LOUISVILLE, Ky. (AP) _ A dry spell has settled in across parts of Kentucky’s grain belt at a crucial time for crop development, raising concerns about what has been shaping up as a productive year on farms.

Soil moisture has become abnormally dry for crops in western Kentucky, said Tom Priddy, a University of Kentucky extension agricultural meteorologist. Little moisture is available for crops in upper layers of soils in western and central parts of the state, he said Tuesday.

``It’s a critical time. We really need the rain,″ Priddy said.

Despite concerns, the latest crop report shows more than two-thirds of Kentucky’s tobacco, corn and soybeans are in good or excellent condition.

But some fields are starting to show stress from hot, dry conditions.

In Caldwell County, the last significant precipitation fell June 27, said Ricky Yeargan, the county agriculture extension agent.

Early-planted corn and tobacco, which benefitted from timely spring rains, are showing resilience to the dry conditions, Yeargan said.
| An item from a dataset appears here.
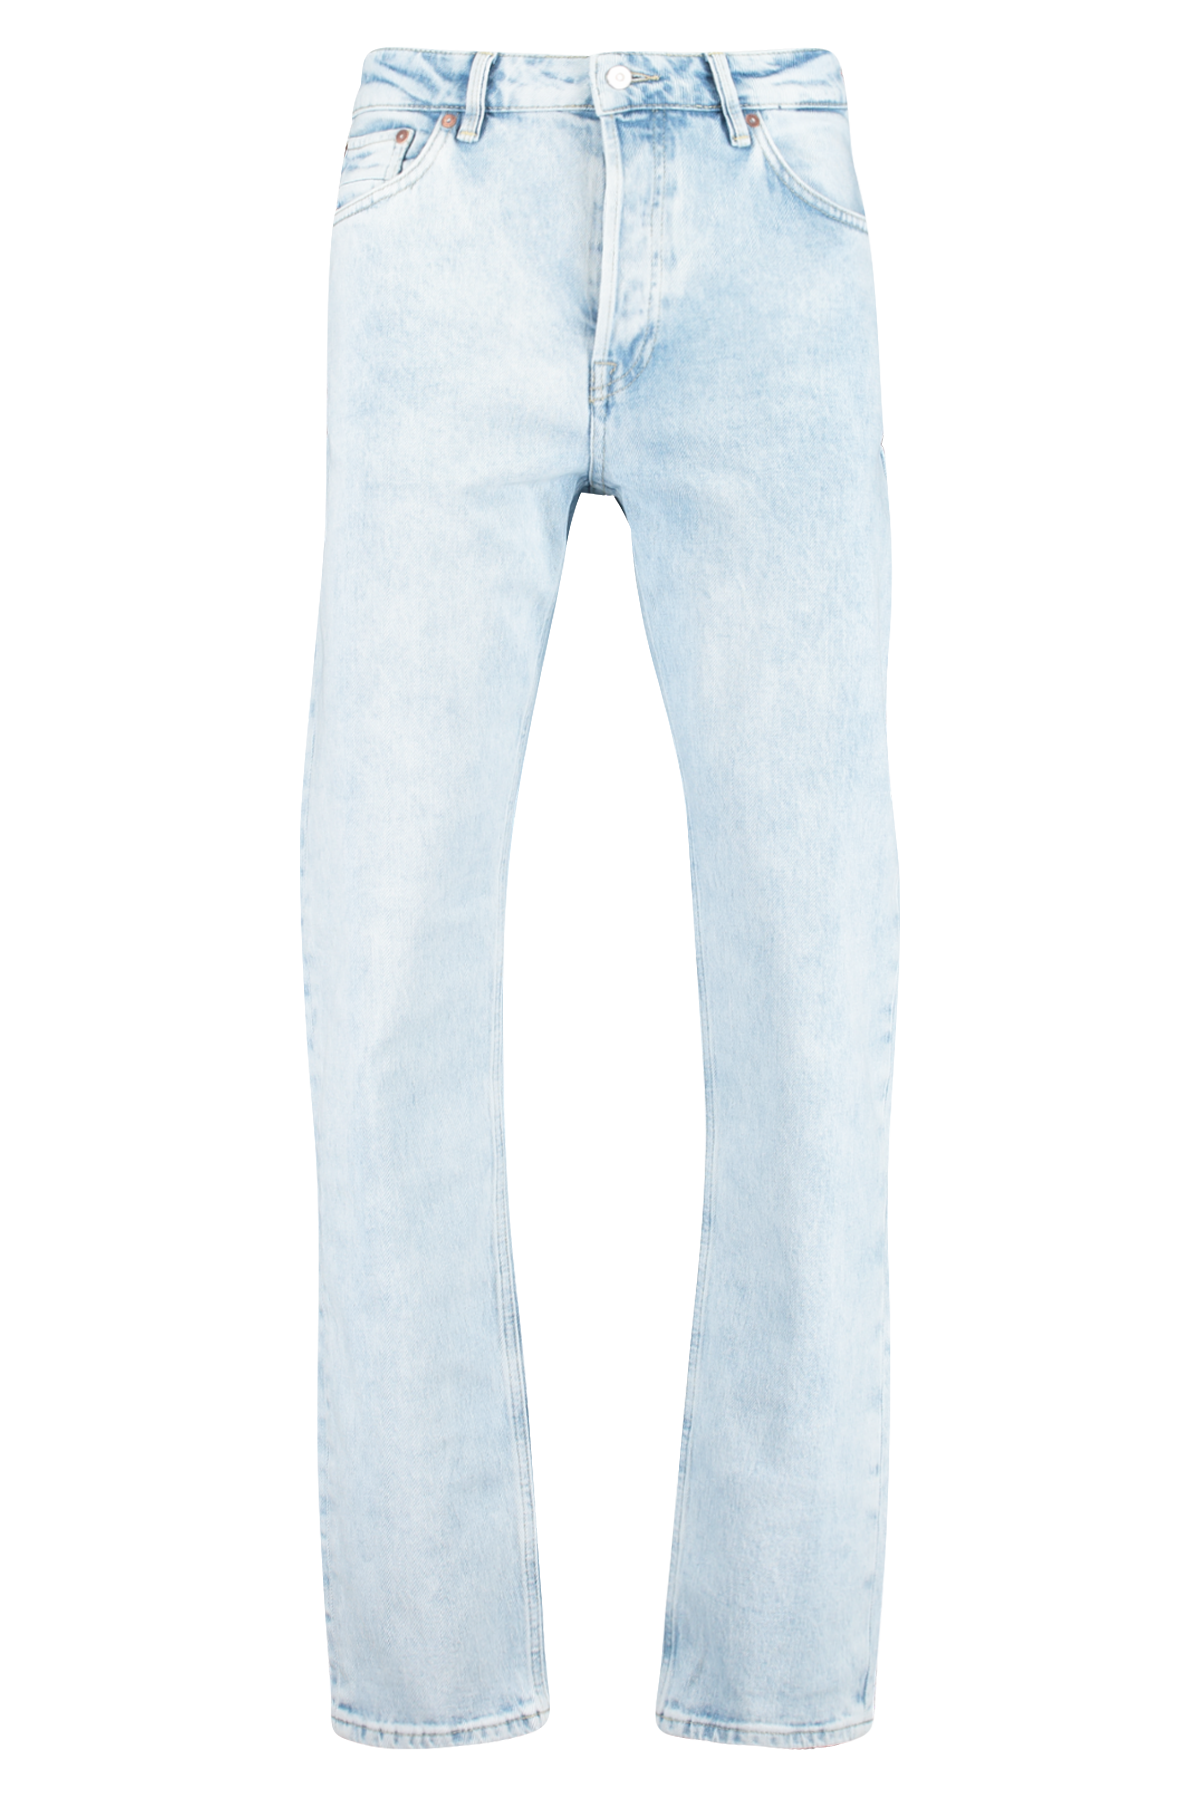 Jeans Dexter

But later crops are starting to suffer, he said.

Yeargan said the lack of rainfall has prevented some tobacco plants from developing adequate root systems. Hay crops that were productive earlier in the season are showing signs of stress, he said.

Some farmers in Logan County haven’t received rainfall since early June, said Joanna Coles, the county agriculture extension agent. The hot, breezy conditions have dried out the soil, she said.

``It seems like we’re always praying for rain at this time,″ she said. ``We’re really watching the forecast.″

Rains in July and August are important to fill out tobacco plants and boost corn and soybean yields, Coles said. Corn growers especially need high yields to make up for chronically low prices, she said.

Farmers in Daviess County benefitted from rains in mid-June and in early July, said county agriculture extension agent Wayne Mattingly.

``As long as we get some timely rains, like we have been getting, we feel like we’ll be in pretty good shape,″ he said.

The rainfall situation is brighter in other parts of the nation. After several years of drought, farmers in Virginia are enjoying strong crop yields thanks to healthy rainfall and cooler temperatures.

Thomas Lutman can hardly believe how good his corn looks this summer on his 164-acre Loudoun County farm.

``I’d forgotten what good corn looks like,″ he told The Washington Post.

The drought is over, if not nationally then at least in Maryland and Virginia. Almost 25 inches of precipitation has fallen so far this year at Reagan National Airport in Arlington.

This time last year, National reported 17.9 inches.

``The real serious drought threat has disappeared from this neck of the woods,″ said Jim Travers, a National Weather Service meteorologist.

Farmers say their yields are up, fruits are juicier, vegetables look better and flowers are growing more abundantly.

For Lutman, the improved growing conditions are a relief after three tough years, when he dreaded going to the bank.

``Financially, it’ll definitely be better this year,″ he said.